## TASK REQUIREMENTS
The lines from the one with "Gemfields' Chipembele emerald detail" through the last line of the material below, copied exactly and free of pictures, make up the whole answer.

## RAW DATA
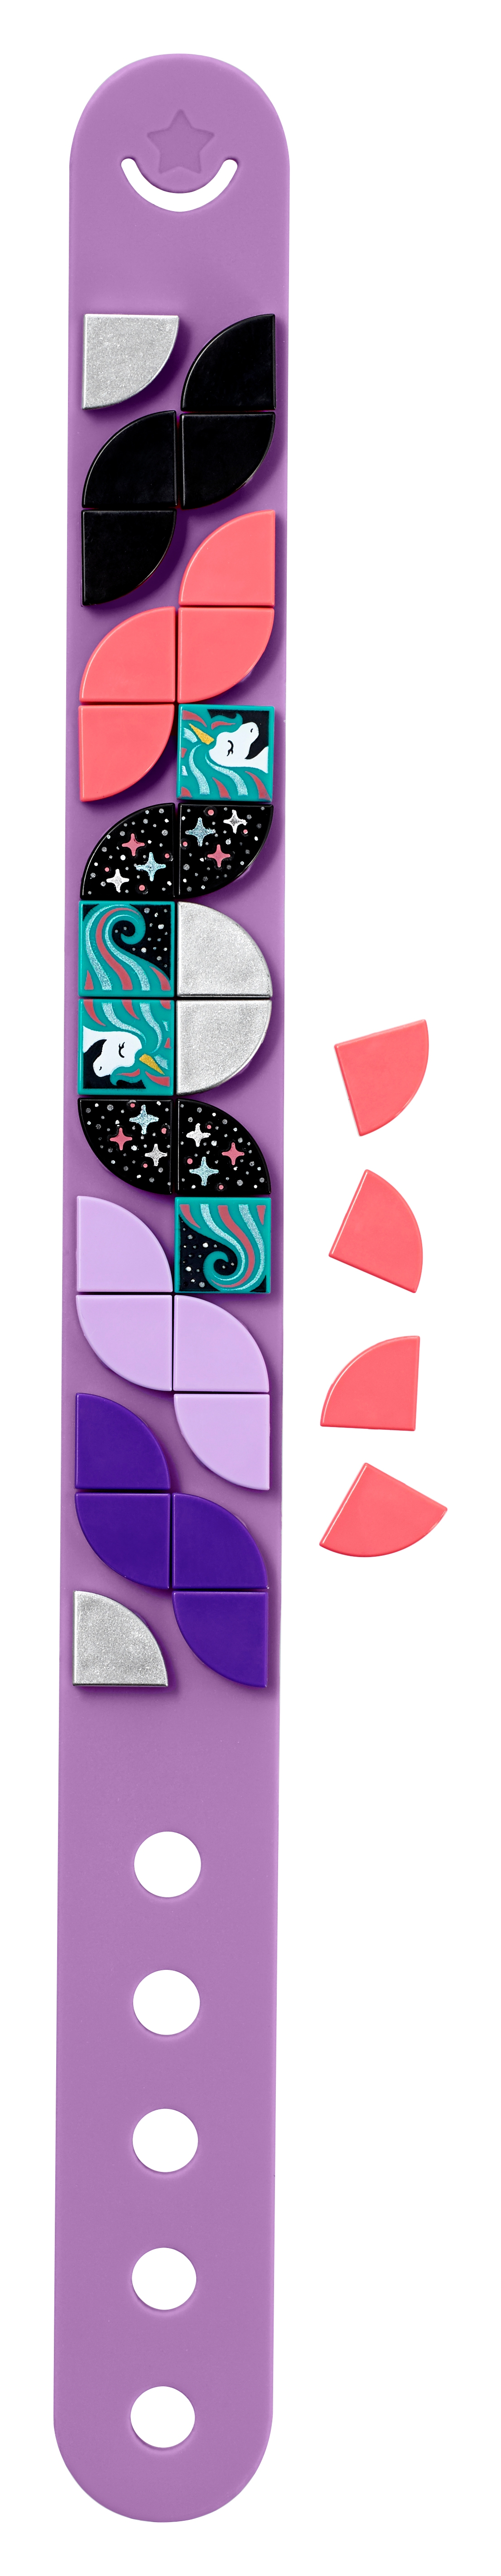 Set Bigiotteria Fai da Te Marca: LEGOLEGO Dots Braccialetto Unicorno Scintillante 41902 Kit Artistici per Bambini Idea Regalo 
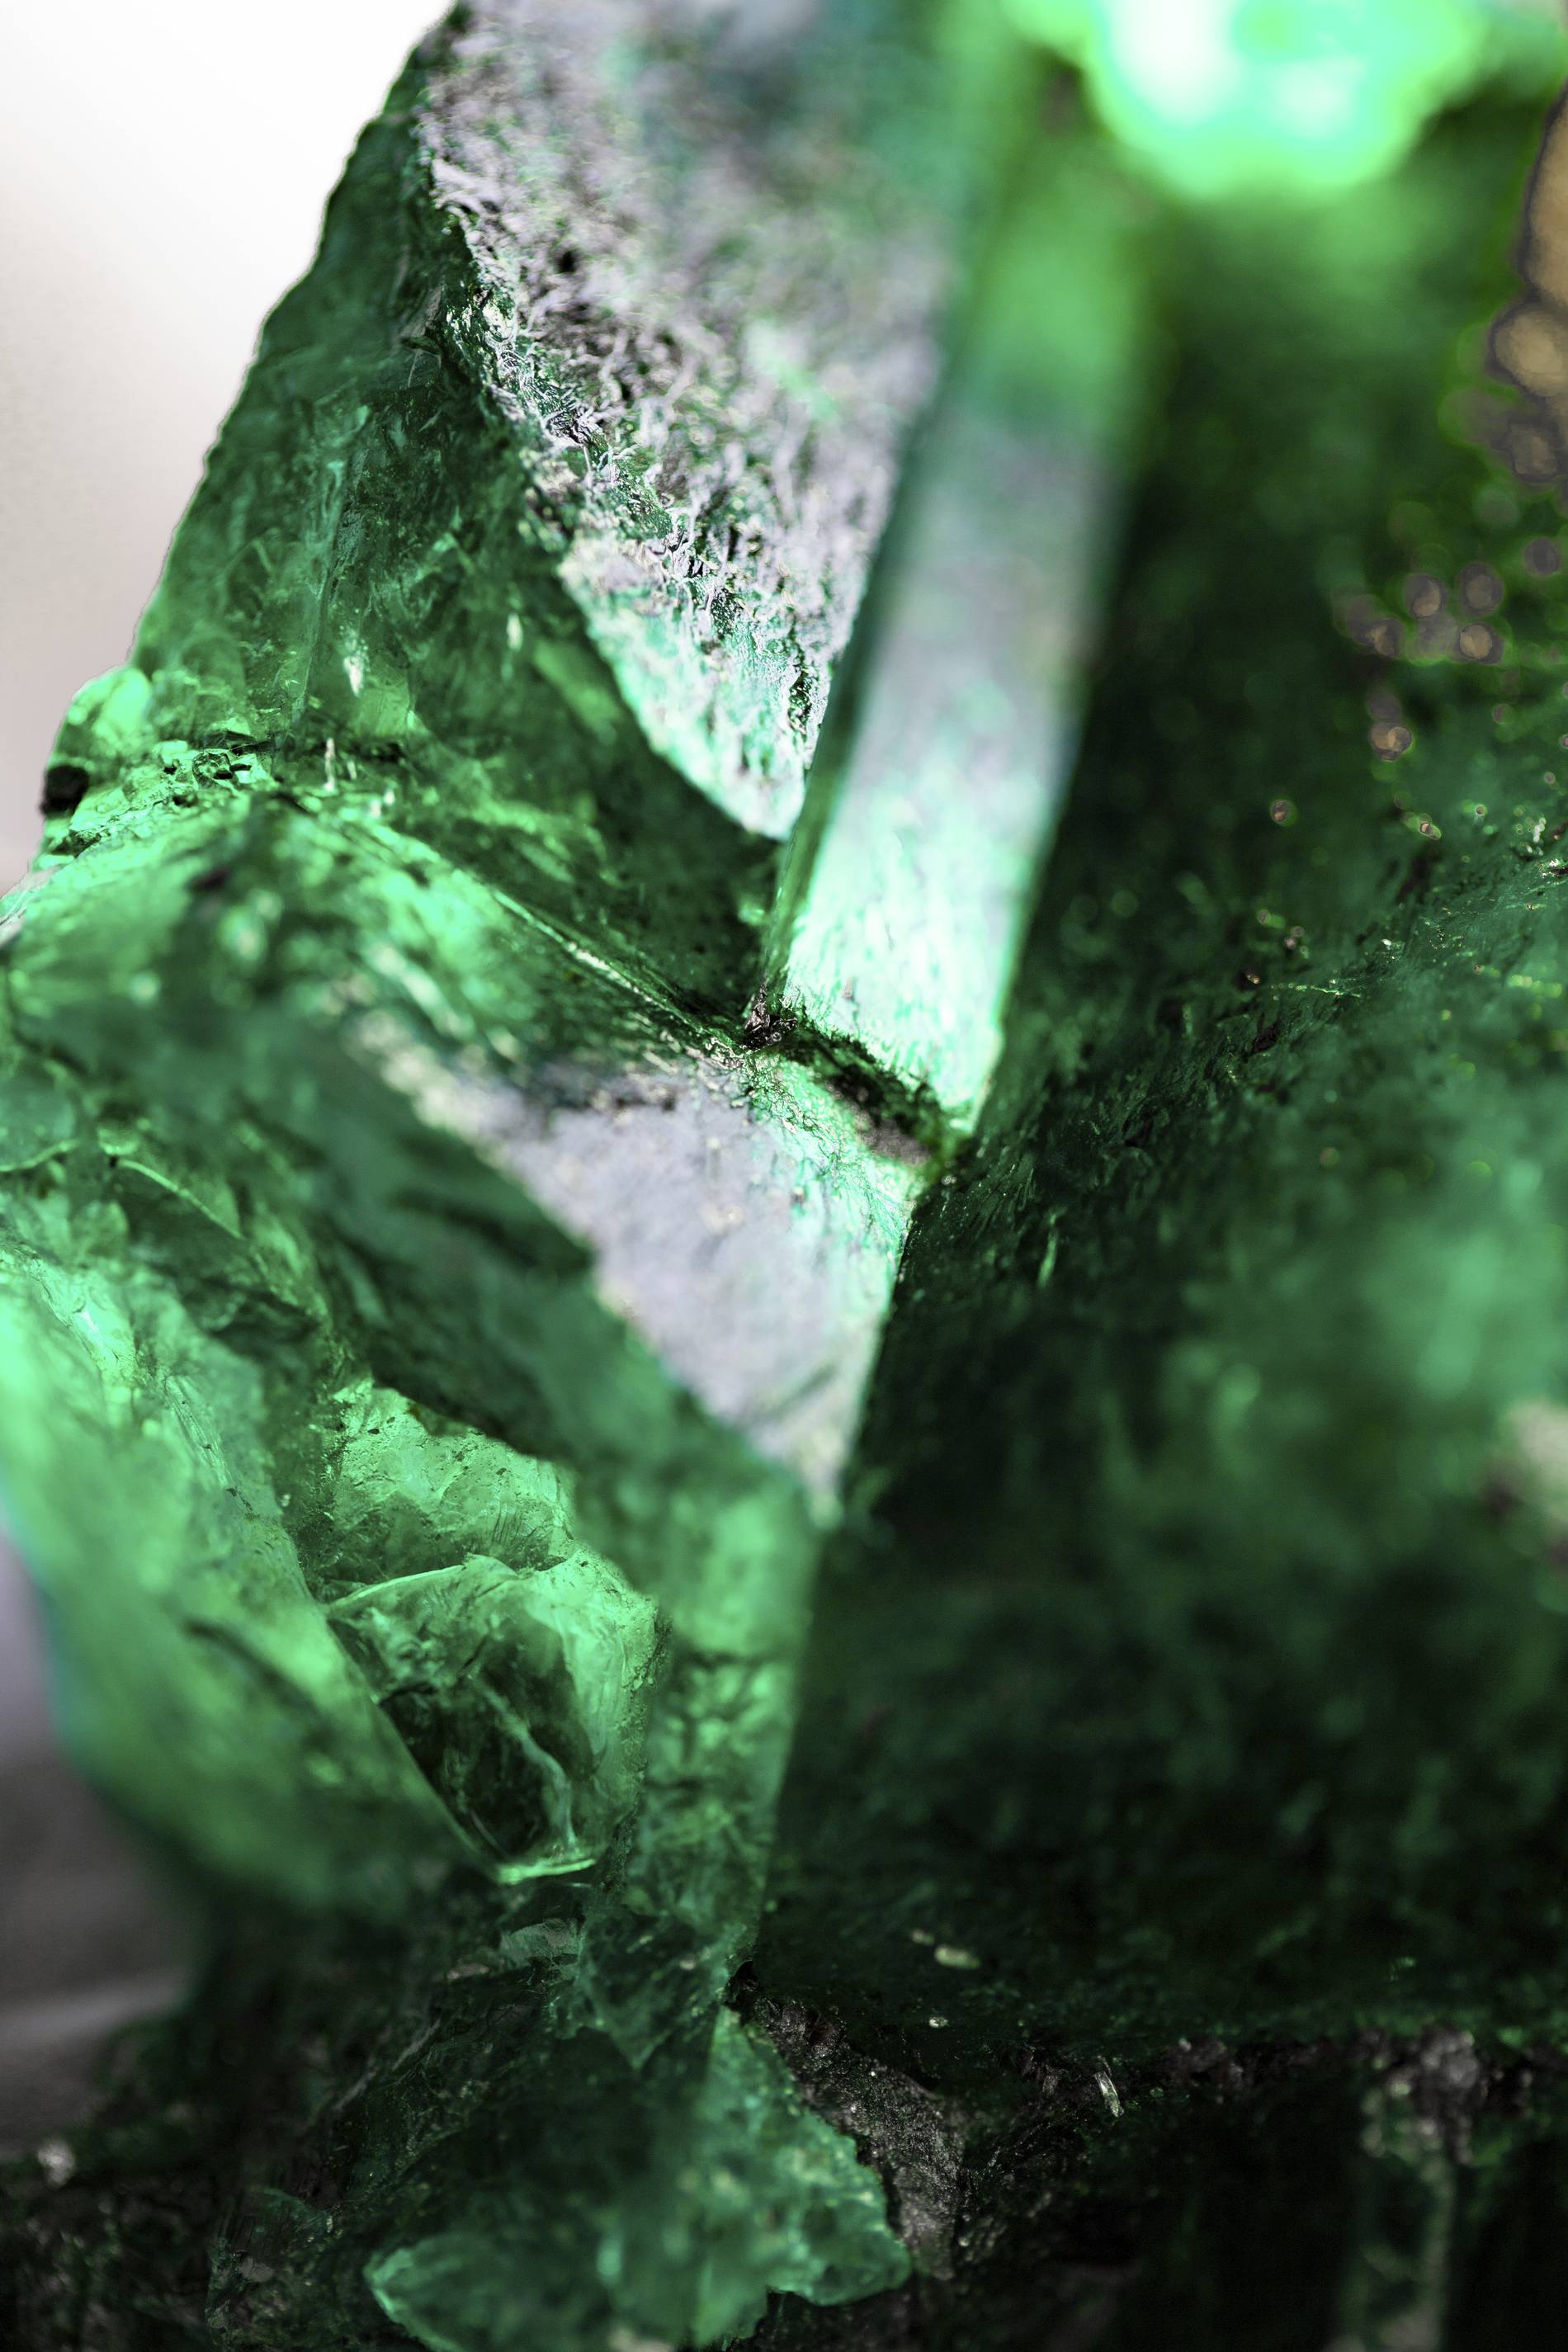 Gemfields' Chipembele emerald detail
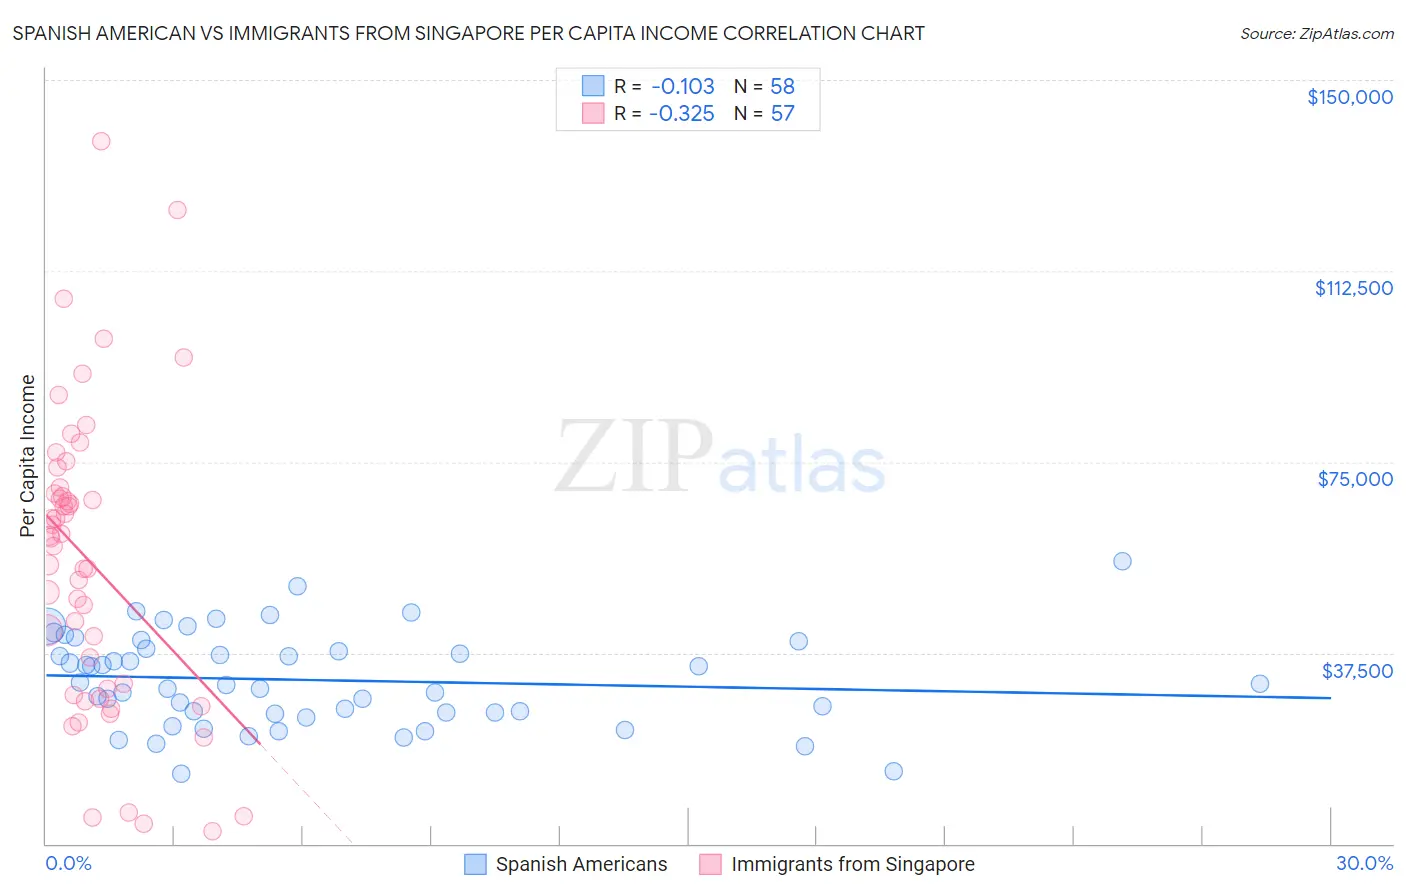 Spanish American vs Immigrants from Singapore Per Capita Income
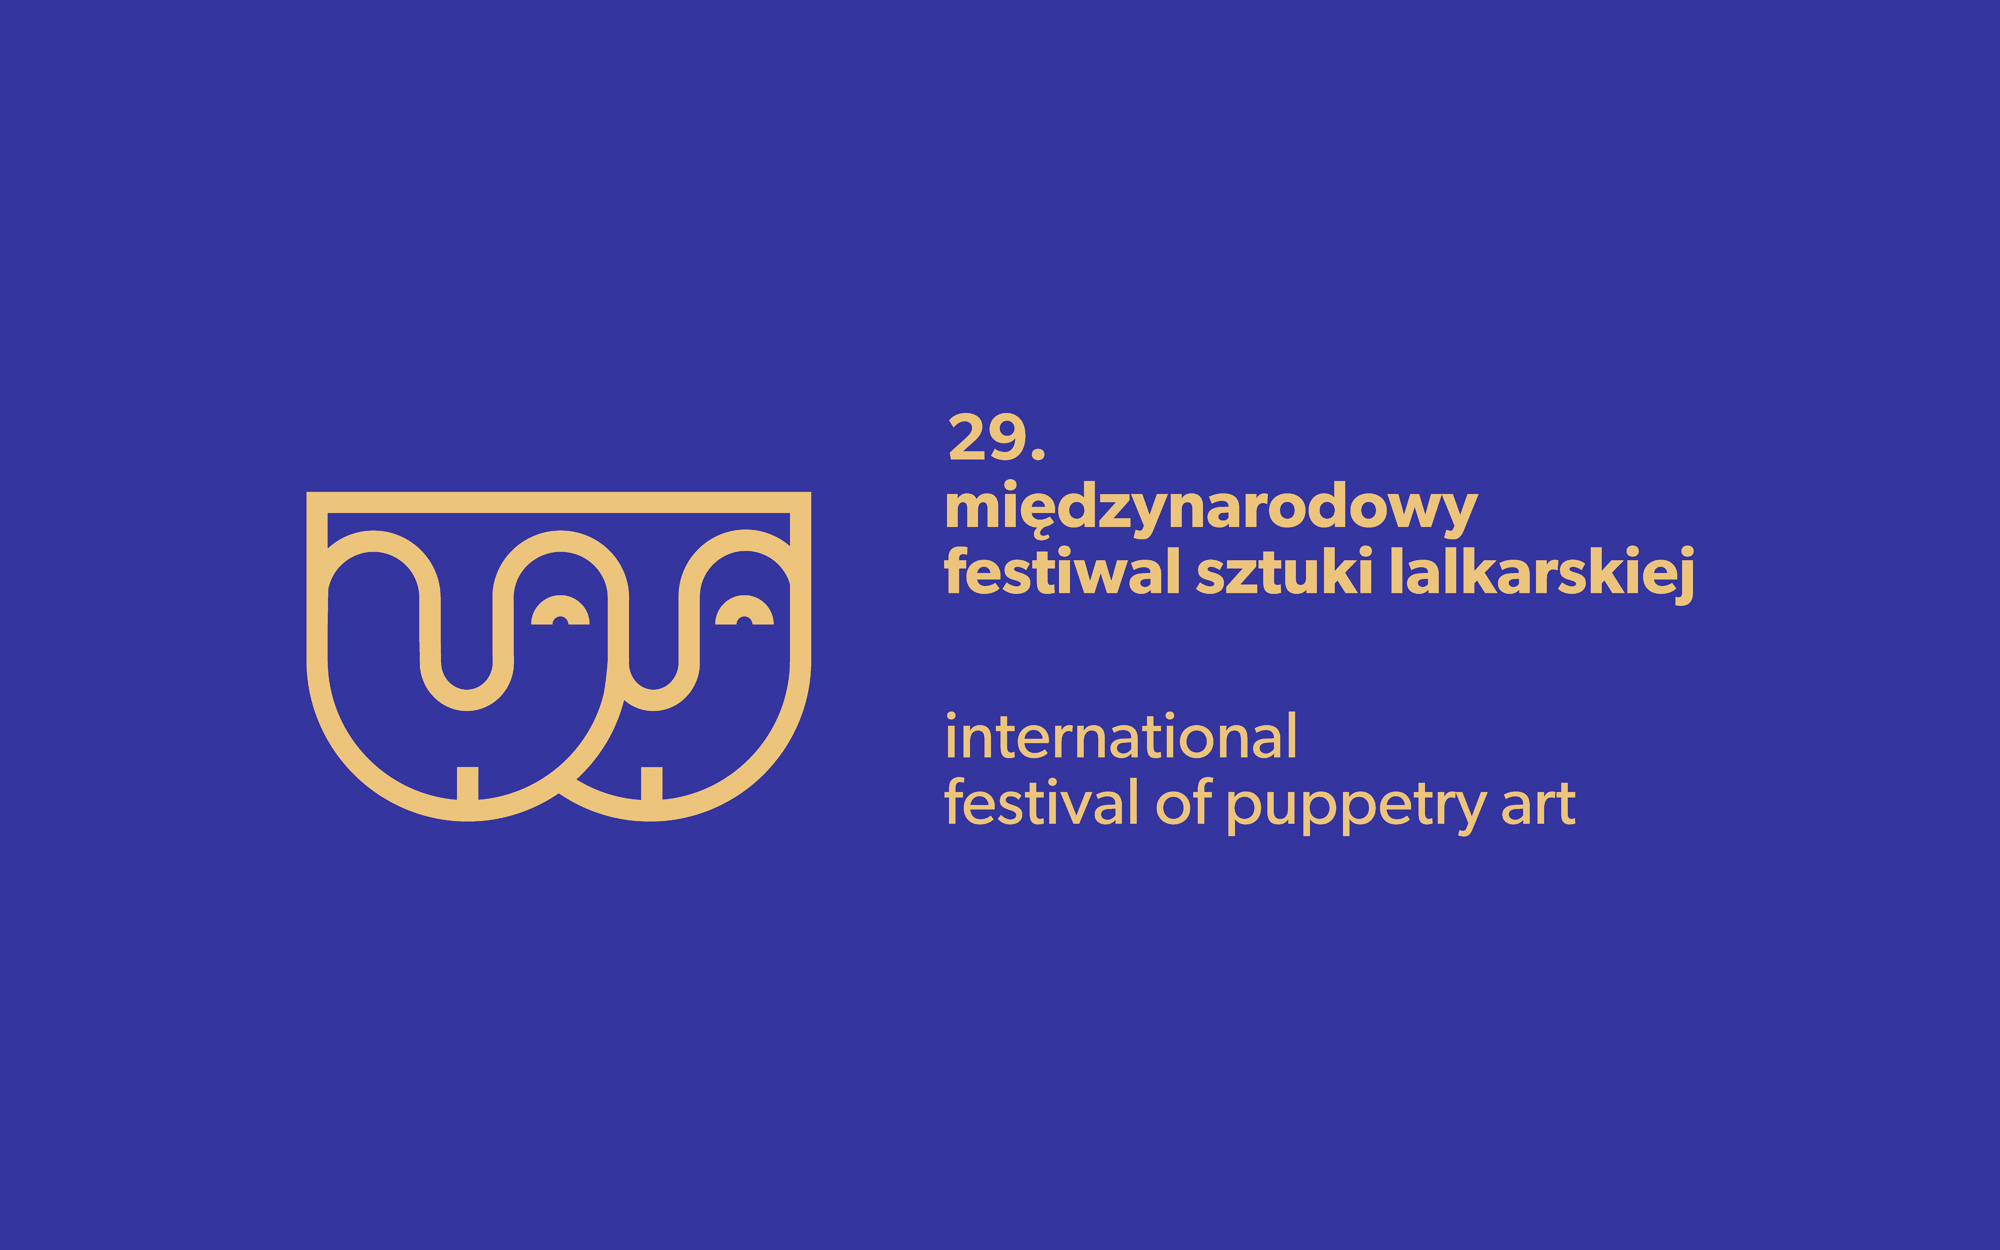  29. Międzynarodowy Festiwal Sztuki Lalkarskiej Na zdjęciu logo festiwalu

## RESPONSE FOR THIS EXERCISE
 Gemfields' Chipembele emerald detail
 Spanish American vs Immigrants from Singapore Per Capita Income
  29. Międzynarodowy Festiwal Sztuki Lalkarskiej Na zdjęciu logo festiwalu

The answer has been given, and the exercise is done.